ENTRIES SUPPLIED:
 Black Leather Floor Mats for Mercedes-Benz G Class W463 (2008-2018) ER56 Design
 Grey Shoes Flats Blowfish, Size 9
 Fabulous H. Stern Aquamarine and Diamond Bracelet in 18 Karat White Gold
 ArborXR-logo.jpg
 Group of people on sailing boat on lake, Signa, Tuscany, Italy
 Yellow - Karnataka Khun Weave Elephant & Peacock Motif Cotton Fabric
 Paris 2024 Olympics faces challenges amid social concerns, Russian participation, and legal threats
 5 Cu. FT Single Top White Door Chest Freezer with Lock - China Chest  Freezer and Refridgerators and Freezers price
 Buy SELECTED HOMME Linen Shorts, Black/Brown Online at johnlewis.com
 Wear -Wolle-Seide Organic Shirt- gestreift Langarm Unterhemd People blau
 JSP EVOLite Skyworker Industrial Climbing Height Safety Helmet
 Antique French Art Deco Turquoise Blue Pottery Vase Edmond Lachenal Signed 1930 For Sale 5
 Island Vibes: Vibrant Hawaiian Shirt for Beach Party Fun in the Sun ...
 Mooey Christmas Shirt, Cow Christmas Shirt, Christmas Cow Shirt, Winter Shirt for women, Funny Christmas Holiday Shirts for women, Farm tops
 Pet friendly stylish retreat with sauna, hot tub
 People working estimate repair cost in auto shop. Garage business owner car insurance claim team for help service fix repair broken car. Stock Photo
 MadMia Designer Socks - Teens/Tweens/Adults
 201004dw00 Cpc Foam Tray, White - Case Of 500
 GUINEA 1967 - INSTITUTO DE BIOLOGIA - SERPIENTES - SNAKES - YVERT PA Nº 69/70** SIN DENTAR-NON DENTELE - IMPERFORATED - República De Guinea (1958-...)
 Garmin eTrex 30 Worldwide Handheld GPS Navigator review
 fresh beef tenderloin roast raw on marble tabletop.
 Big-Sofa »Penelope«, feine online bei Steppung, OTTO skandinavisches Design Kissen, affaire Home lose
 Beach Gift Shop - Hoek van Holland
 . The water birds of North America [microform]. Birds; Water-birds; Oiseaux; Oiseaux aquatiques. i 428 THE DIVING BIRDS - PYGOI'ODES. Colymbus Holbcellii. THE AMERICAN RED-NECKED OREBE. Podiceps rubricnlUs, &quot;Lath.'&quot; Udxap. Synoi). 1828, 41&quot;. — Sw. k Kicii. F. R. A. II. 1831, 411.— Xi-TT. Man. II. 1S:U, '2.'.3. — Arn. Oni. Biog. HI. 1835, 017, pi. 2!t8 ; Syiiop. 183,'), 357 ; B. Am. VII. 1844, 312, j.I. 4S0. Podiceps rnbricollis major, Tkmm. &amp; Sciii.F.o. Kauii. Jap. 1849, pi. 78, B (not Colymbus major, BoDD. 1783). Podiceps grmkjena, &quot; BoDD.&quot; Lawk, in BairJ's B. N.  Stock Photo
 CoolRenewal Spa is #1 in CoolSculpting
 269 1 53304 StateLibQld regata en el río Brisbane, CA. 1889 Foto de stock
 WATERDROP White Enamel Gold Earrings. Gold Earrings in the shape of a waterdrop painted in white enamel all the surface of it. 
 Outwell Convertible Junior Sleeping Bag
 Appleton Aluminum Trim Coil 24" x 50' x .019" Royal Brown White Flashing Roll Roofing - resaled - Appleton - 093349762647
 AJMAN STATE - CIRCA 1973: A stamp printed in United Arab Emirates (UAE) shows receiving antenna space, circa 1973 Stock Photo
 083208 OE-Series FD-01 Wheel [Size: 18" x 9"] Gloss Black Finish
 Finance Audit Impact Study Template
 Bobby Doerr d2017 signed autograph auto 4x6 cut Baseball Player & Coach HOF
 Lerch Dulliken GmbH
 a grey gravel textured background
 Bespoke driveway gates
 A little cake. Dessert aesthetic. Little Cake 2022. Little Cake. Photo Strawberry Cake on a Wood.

AIM OF THE EXERCISE:
Check all the records above and select each line where the string "Black" is found.

YOUR RESPONSE:
 Black Leather Floor Mats for Mercedes-Benz G Class W463 (2008-2018) ER56 Design
 Buy SELECTED HOMME Linen Shorts, Black/Brown Online at johnlewis.com
 083208 OE-Series FD-01 Wheel [Size: 18" x 9"] Gloss Black Finish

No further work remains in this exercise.